[Records shown]
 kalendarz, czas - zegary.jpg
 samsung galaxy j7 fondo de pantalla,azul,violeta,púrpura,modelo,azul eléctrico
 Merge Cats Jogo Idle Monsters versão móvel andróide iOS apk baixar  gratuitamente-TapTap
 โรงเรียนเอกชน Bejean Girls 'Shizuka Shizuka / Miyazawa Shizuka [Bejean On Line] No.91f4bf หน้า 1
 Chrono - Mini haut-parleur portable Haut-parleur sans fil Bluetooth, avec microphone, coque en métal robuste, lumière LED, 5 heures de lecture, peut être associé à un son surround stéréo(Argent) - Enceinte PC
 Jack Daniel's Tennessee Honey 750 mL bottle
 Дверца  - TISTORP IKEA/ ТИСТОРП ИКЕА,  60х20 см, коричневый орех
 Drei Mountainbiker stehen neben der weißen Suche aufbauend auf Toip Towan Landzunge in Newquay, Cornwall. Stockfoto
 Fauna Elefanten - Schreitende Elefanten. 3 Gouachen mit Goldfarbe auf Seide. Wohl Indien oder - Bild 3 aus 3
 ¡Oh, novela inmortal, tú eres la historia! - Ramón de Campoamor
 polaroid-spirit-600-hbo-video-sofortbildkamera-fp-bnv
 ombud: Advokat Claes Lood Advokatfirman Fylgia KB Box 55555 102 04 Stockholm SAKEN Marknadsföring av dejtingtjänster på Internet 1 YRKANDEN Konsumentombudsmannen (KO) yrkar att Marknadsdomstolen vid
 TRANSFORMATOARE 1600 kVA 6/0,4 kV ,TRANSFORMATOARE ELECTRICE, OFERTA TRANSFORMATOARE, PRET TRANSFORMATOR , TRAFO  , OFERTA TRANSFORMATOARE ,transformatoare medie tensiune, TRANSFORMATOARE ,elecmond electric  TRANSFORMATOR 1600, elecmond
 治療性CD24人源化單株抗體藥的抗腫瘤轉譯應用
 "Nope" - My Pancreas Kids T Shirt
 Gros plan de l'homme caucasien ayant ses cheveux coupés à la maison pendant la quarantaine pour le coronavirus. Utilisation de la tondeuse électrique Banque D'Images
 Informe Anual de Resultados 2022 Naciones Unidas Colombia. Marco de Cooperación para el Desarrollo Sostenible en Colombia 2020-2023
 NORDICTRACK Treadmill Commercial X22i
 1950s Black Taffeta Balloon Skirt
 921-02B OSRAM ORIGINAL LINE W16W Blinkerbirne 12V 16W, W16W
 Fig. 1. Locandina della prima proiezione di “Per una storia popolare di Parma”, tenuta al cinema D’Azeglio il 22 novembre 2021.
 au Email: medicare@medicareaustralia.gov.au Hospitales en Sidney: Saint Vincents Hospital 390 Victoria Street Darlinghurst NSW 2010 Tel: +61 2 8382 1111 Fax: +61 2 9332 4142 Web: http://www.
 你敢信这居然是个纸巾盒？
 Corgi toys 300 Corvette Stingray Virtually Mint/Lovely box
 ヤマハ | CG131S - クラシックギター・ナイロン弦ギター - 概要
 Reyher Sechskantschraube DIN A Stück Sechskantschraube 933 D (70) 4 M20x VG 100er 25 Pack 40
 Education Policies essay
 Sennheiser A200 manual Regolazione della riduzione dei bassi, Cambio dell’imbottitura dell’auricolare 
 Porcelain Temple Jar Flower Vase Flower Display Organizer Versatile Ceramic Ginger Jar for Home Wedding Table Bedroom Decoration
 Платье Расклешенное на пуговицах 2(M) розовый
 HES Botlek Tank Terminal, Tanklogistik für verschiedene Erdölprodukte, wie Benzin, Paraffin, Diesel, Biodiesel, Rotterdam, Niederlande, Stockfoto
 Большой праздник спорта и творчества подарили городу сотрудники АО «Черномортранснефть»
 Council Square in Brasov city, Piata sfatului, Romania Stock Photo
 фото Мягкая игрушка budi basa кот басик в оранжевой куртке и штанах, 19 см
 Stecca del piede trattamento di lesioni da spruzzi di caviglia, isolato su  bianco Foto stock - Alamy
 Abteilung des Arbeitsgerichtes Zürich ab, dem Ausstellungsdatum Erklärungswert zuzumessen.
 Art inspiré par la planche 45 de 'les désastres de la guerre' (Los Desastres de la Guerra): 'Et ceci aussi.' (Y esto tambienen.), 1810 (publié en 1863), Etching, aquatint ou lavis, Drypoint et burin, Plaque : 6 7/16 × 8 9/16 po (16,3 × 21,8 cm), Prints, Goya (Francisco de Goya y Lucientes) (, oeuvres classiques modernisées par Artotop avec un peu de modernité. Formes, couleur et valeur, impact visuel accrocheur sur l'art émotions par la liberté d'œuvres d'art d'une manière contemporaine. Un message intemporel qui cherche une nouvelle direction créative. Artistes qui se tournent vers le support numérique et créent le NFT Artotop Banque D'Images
[/Records shown]
Your goal:
In the listing above, start at the line with "Informe Anual de", go on through the line with "Council Square in", and copy each of those lines exactly; leave out all the rest.

Task response:
 Informe Anual de Resultados 2022 Naciones Unidas Colombia. Marco de Cooperación para el Desarrollo Sostenible en Colombia 2020-2023
 NORDICTRACK Treadmill Commercial X22i
 1950s Black Taffeta Balloon Skirt
 921-02B OSRAM ORIGINAL LINE W16W Blinkerbirne 12V 16W, W16W
 Fig. 1. Locandina della prima proiezione di “Per una storia popolare di Parma”, tenuta al cinema D’Azeglio il 22 novembre 2021.
 au Email: medicare@medicareaustralia.gov.au Hospitales en Sidney: Saint Vincents Hospital 390 Victoria Street Darlinghurst NSW 2010 Tel: +61 2 8382 1111 Fax: +61 2 9332 4142 Web: http://www.
 你敢信这居然是个纸巾盒？
 Corgi toys 300 Corvette Stingray Virtually Mint/Lovely box
 ヤマハ | CG131S - クラシックギター・ナイロン弦ギター - 概要
 Reyher Sechskantschraube DIN A Stück Sechskantschraube 933 D (70) 4 M20x VG 100er 25 Pack 40
 Education Policies essay
 Sennheiser A200 manual Regolazione della riduzione dei bassi, Cambio dell’imbottitura dell’auricolare 
 Porcelain Temple Jar Flower Vase Flower Display Organizer Versatile Ceramic Ginger Jar for Home Wedding Table Bedroom Decoration
 Платье Расклешенное на пуговицах 2(M) розовый
 HES Botlek Tank Terminal, Tanklogistik für verschiedene Erdölprodukte, wie Benzin, Paraffin, Diesel, Biodiesel, Rotterdam, Niederlande, Stockfoto
 Большой праздник спорта и творчества подарили городу сотрудники АО «Черномортранснефть»
 Council Square in Brasov city, Piata sfatului, Romania Stock Photo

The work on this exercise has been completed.